• **Records supplied**:
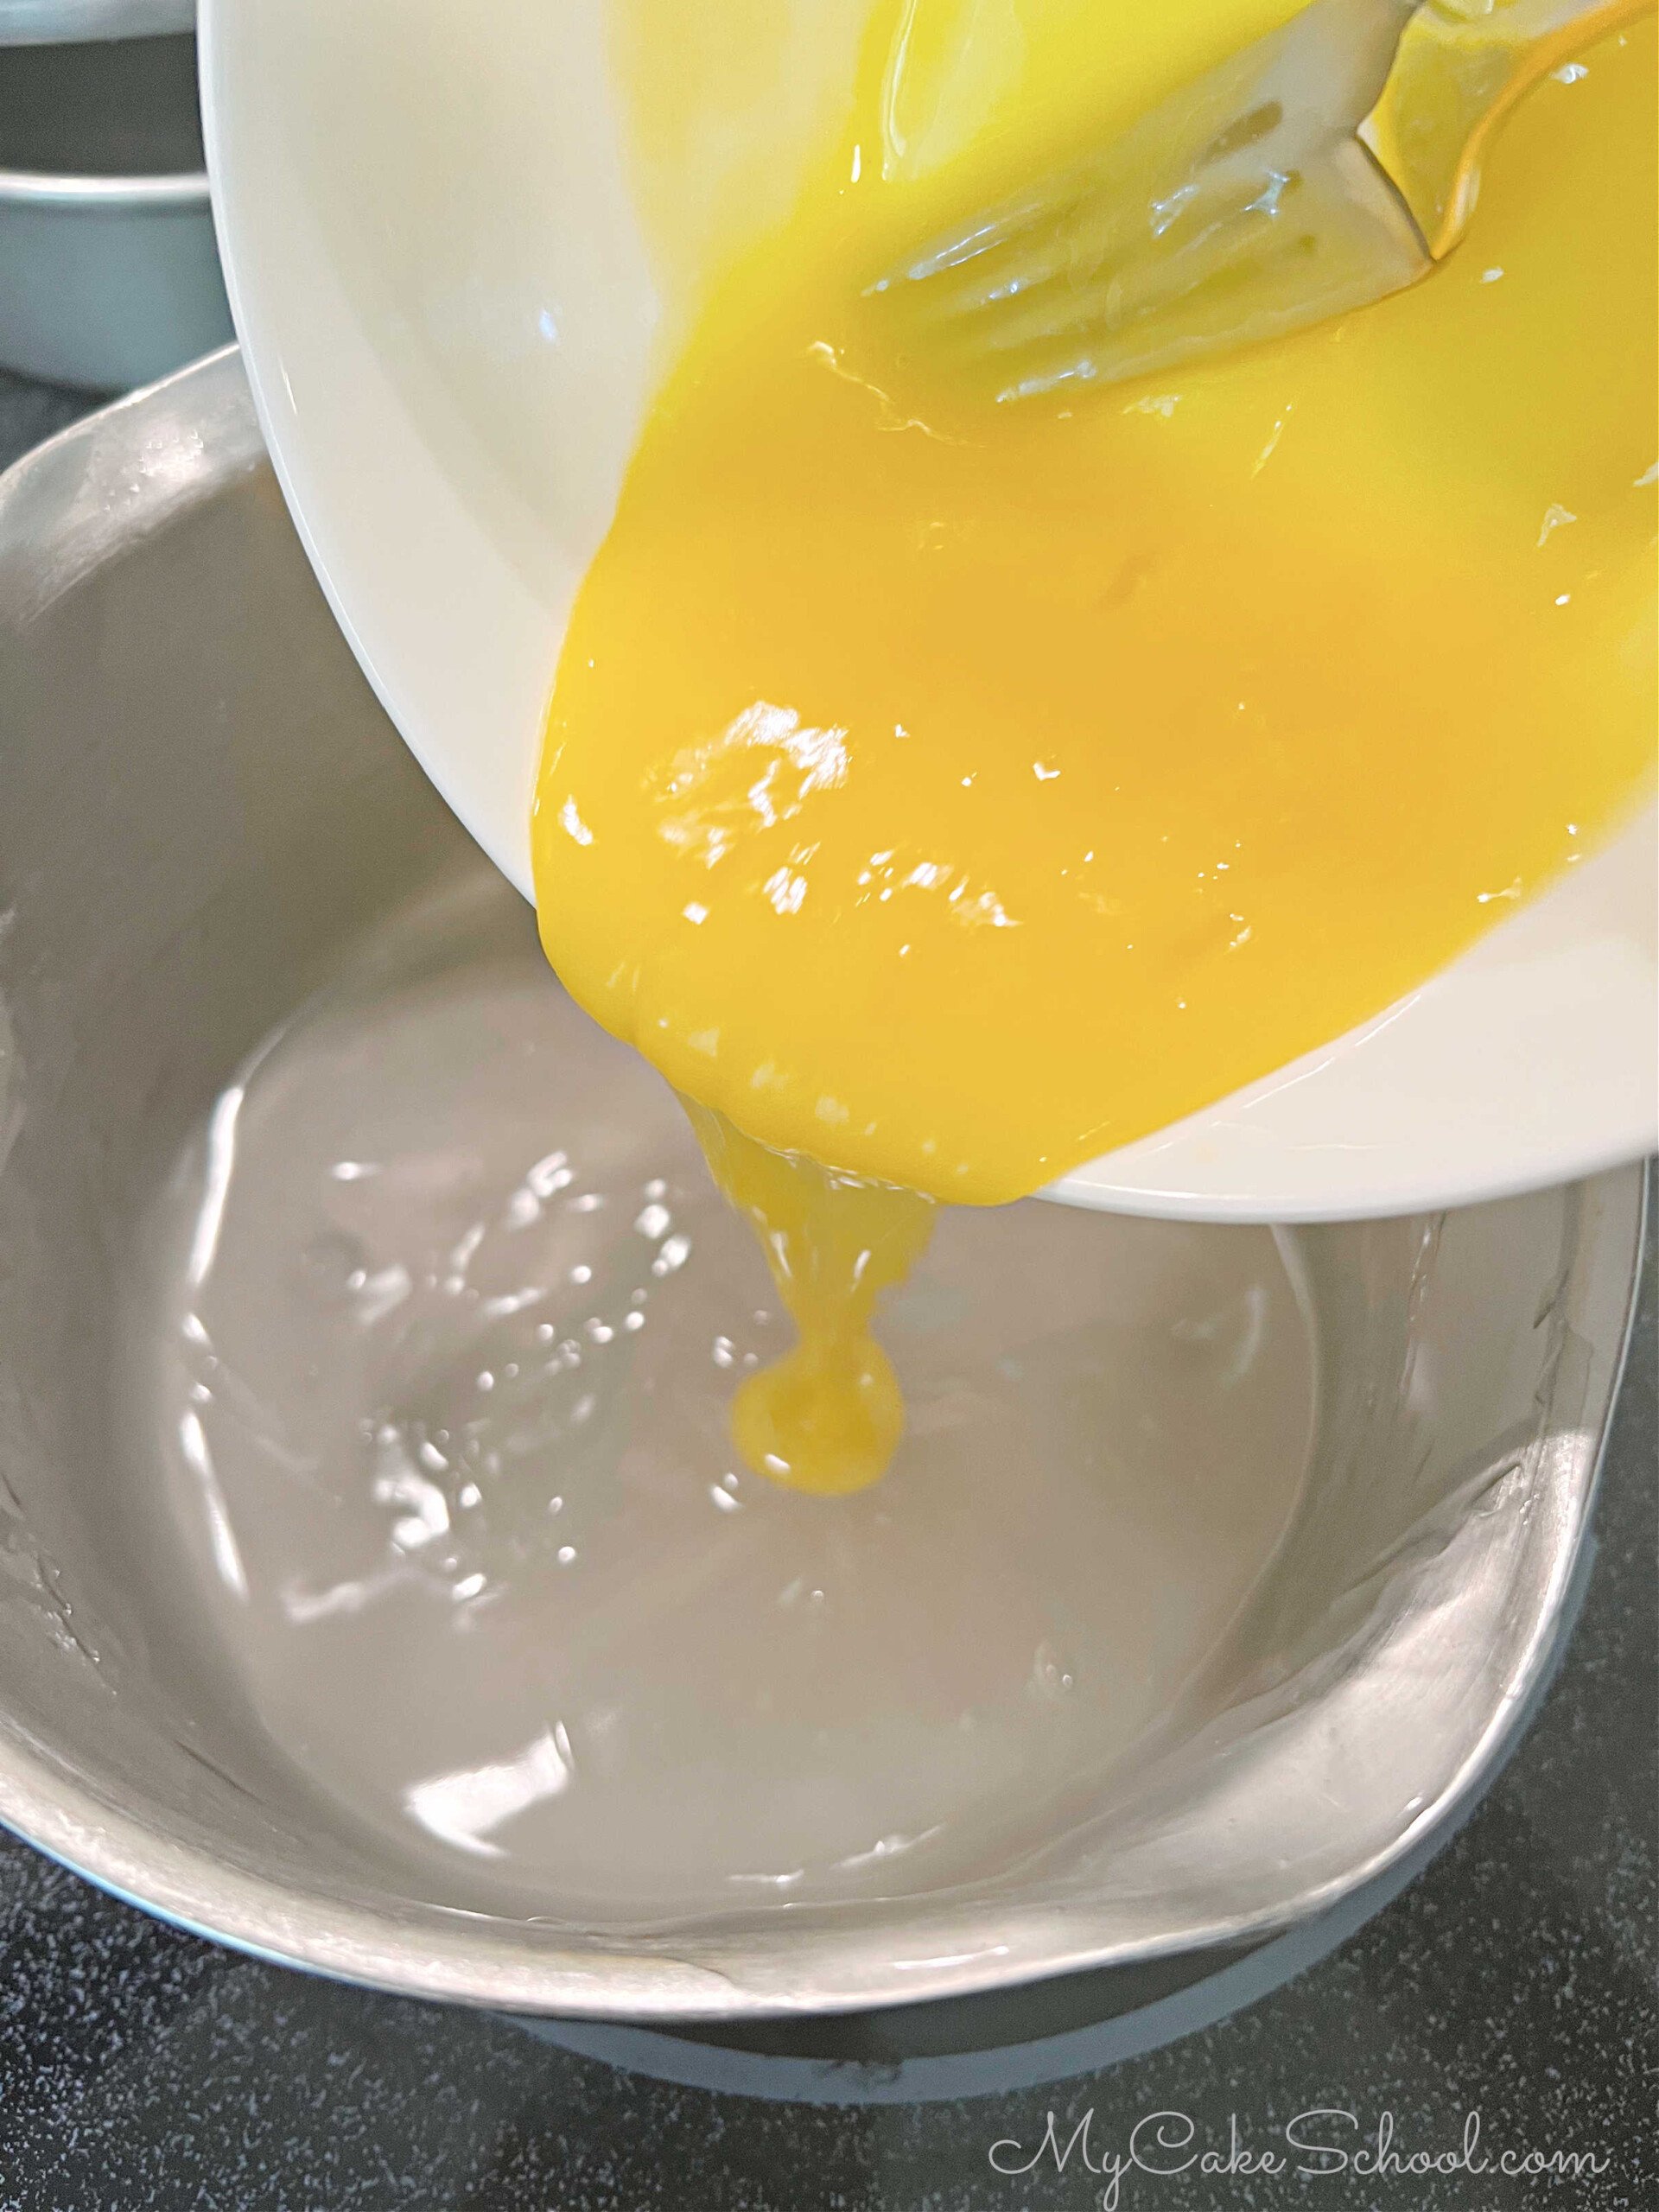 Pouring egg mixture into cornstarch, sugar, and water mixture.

* * *

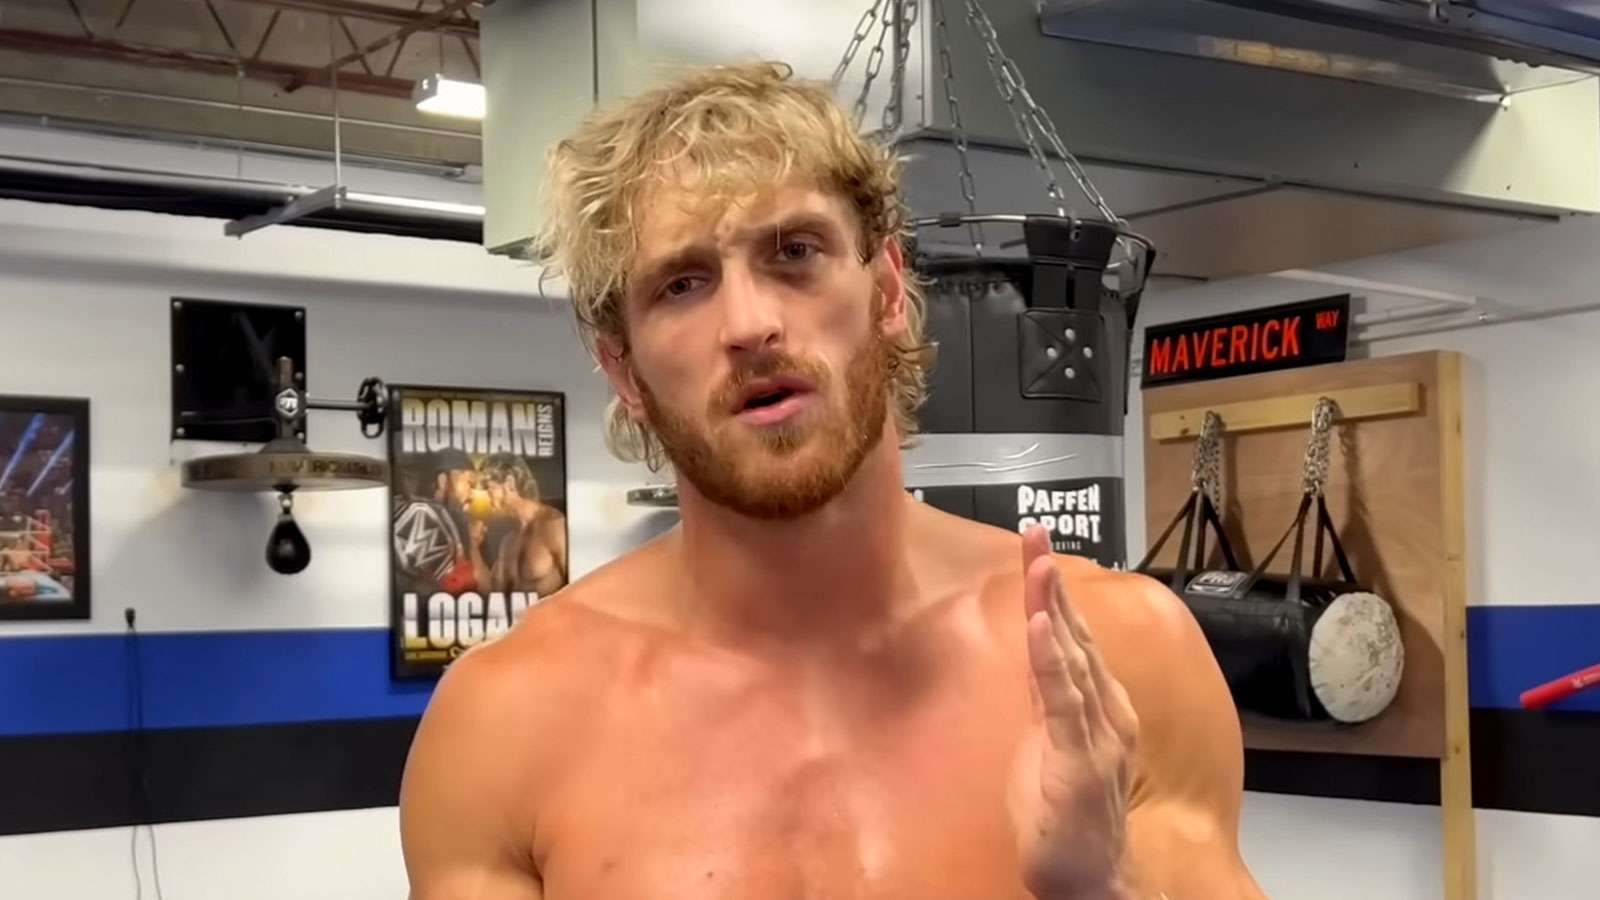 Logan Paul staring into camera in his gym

==

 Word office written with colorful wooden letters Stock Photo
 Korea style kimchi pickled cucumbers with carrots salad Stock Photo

• **How to complete this task**:
Copy every line from the records above that contains the string "Photo".

• **Your solution**:
 Word office written with colorful wooden letters Stock Photo
 Korea style kimchi pickled cucumbers with carrots salad Stock Photo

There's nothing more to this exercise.